The collected professions "of knowledge, thought and research" are under systematic attack from a state-sponsored philistinism intent on reducing the complexities of Gallic public debate to a series of "simplistic and terrifying" alternatives, the protesters say: "For or against Islamic veils? Left-leaning magistrates or too-tough cops? Artists - are they idlers or profiteers?"

The charge of anti-intellectualism is a highly damaging one in France, whose present-day Left Bank thinkers can draw on a rich tradition that includes the likes of Voltaire, Rousseau and Sartre.

Paris remains one of very few places in the world where postmodern structuralists or relativist post-structural modernists can harbour realistic hopes of making it in television.

Sylvain Bourmeau, a journalist at Les Inrockuptibles and one of the petition's organisers, said that at one stage last week, email signatures were coming in at the rate of 700 an hour. The magazine will publish the first 8,000 names over 17 pages this morning, he said.

"We are aiming to mobilise all those whose work involves some kind of mediation, which in turn demands a detour via comprehension - in other words, all that this government is currently short-circuiting in the name of political and PR efficiency," he added.

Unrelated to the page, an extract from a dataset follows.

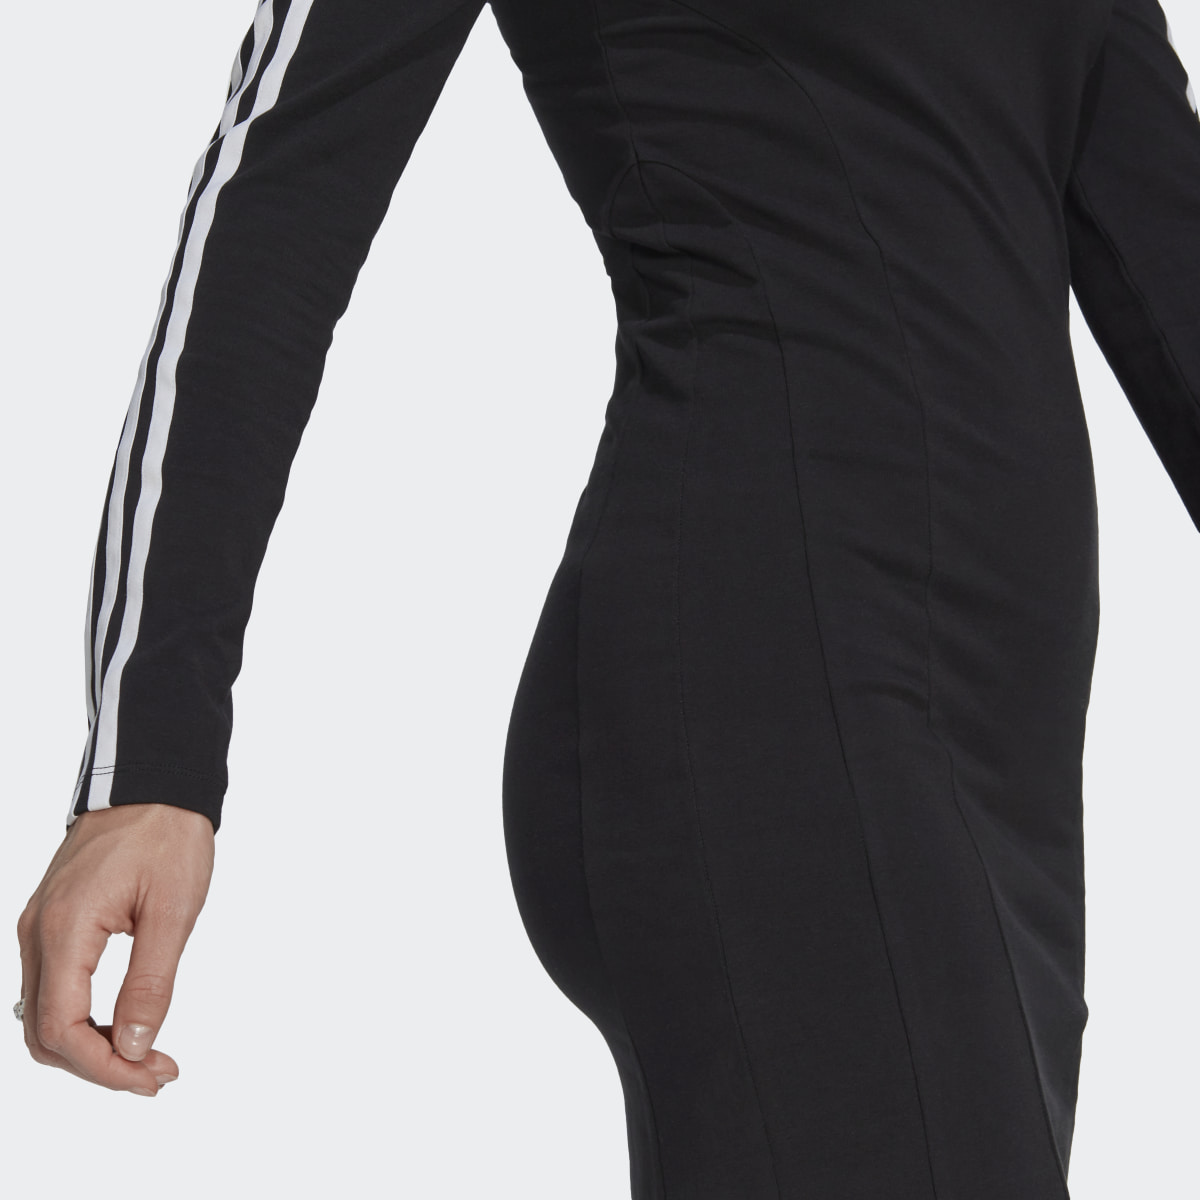 Adidas Centre Stage Cutout Long Sleeve Dress. 7

Perhaps unwisely, the blokeish prime minister, Jean-Pierre Raffarin, who prides himself on his man-of-the-people touch, has never been shy about confessing his suspicion of thinkers, savaging "those who suppose themselves to be great intellectuals" as recently as last October. His centre-right government has enraged many of France's "intellectual professions" recently.

Moves to regulate the status of psychotherapists provoked the fury of a whole generation of analysts, while fully 40,000 scientists denounced swinging cuts in state funding and the loss of some 550 postgraduate research jobs this year.

Lawyers, meanwhile, are up in arms at a bill passed last week which they say radically extends police and prosecutors' powers at the expense of justice and human rights, while magistrates are seething at the ruling UMP party's public criticism of the sentence handed down recently to its chairman, Alain Juppe. -Dawn/The Guardian News Service.